New gravity data indicate a large unexpected anomaly in the Saline Range and other anomalies in neighboring ranges and valleys of eastern California. Residual gravity anomalies, calculated by subtracting the field due to an Airy model of isostatic compensation, show the effects of lateral density contrasts in the upper crust. A well-defined negative gravity anomaly is centered over the Saline Range and connects the Eureka Valley and Saline Valley gravity minima. Apparently, the Saline Range is a thin veneer of young volcanic material lying on a major alluvium-filled basin connected on the north with Eureka Valley and on the south with Saline Valley.
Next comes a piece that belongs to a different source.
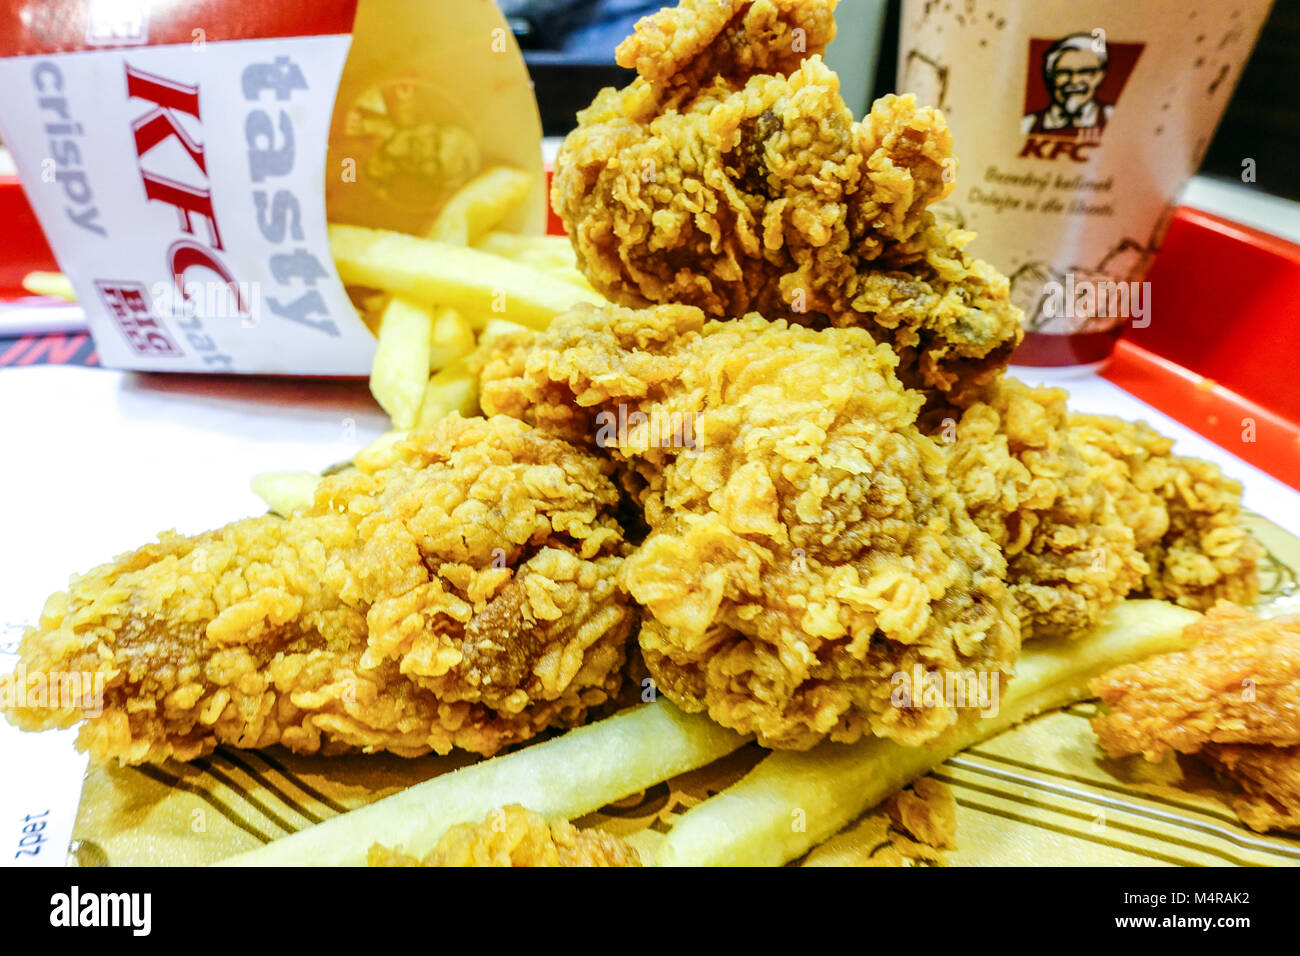 KFC-Menü, gebraten, Kentucky Fried Chicken, Essen, Hot Wings Stockfoto
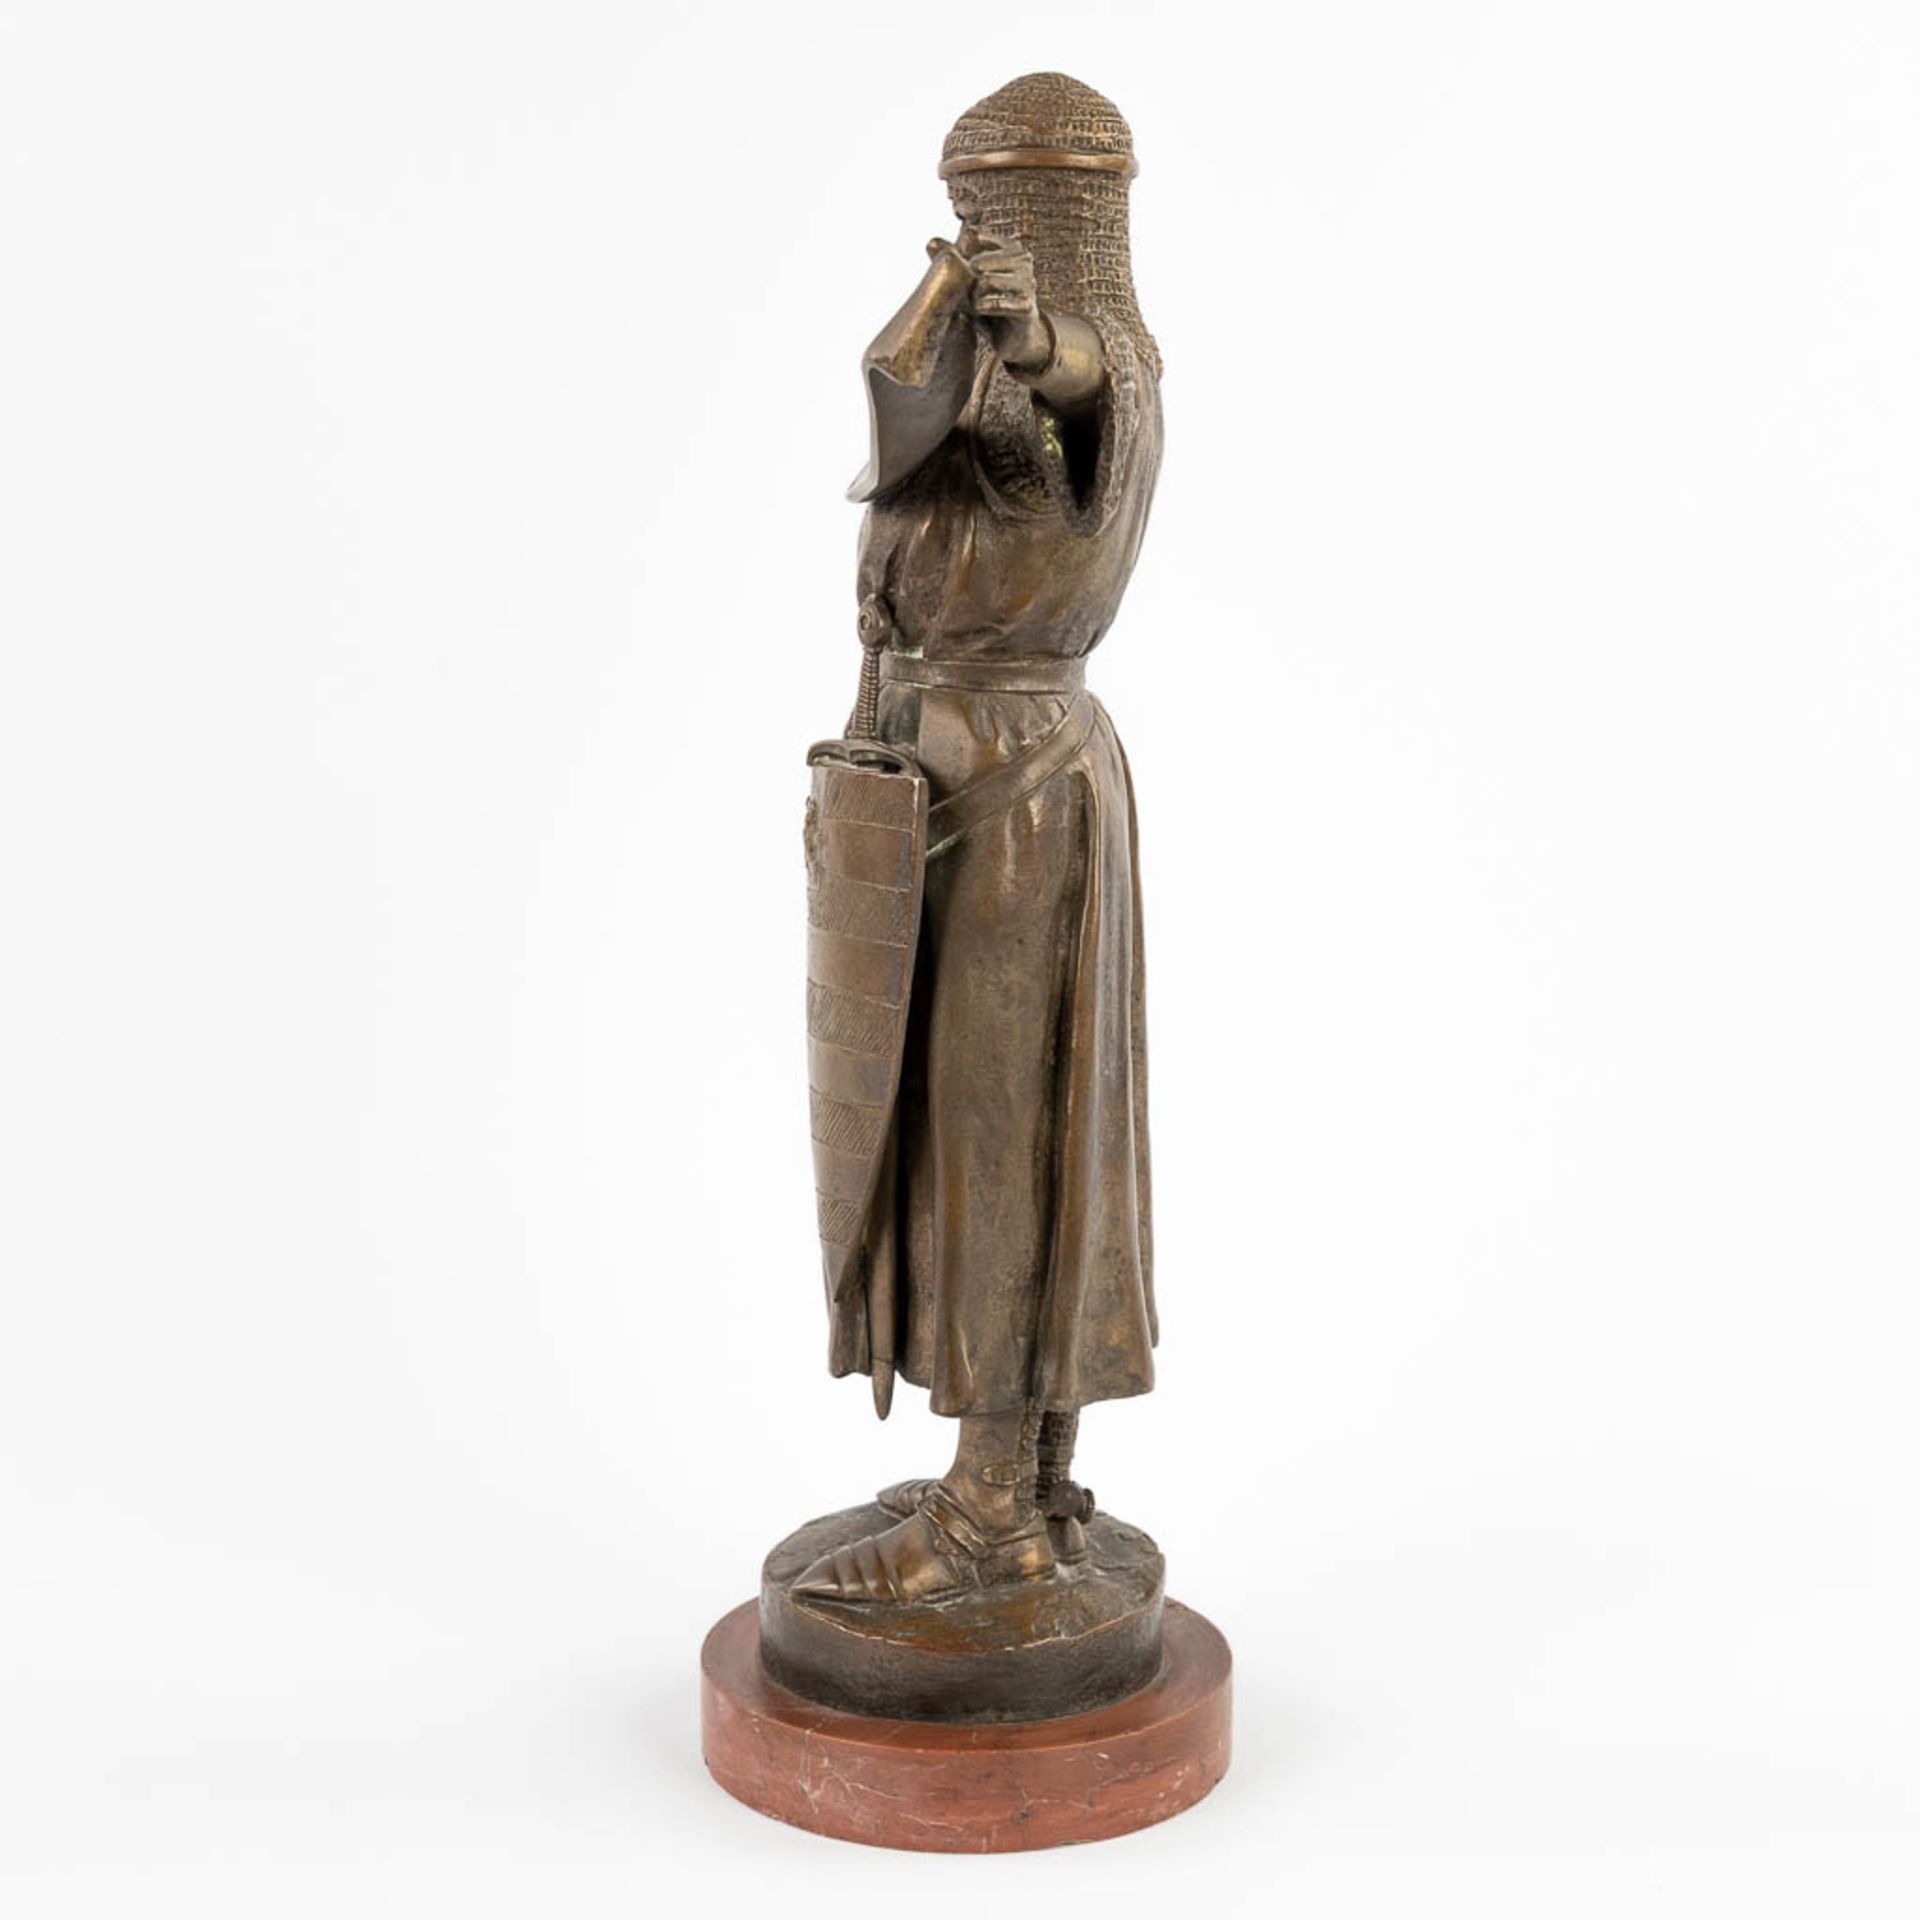 Emmanuel FRÉMIET (1824-1910) 'Credo' patinated bronze. 19th C. (D:13 x W:31 x H:41 cm) - Image 4 of 13

We suggest that the basin formed in a pull-apart zone that filled with low-density alluvium and became the site of voluminous Pliocene volcanic eruptions. The age of this depression predates volcanism of the Saline Range dated at about 4 Ma. Other significant anomalies are as follows: (1) An offset in the Owens Valley fault at lat 37°01′N appears in the isostatic residual gravity data and marks the western end of a major gravity depression that continues across the Inyo Mountains at Papoose Flat. The gravity depression suggests that the Papoose Flat pluton is larger than suggested by its surface exposure and may extend on the order of 10 km below the topographic surface. (2) A density boundary trends west-northwest across the Inyo batholith and Proterozoic and Paleozoic rocks of the White Mountains. This trend is anomalous to exposed geologic structures and may reflect a structural boundary buried at relatively shallow depth. (3) A large gravity low, unexpected on the basis of exposed geologic features, is in the eastern Sierra Nevada southwest of the town of Lone Pine.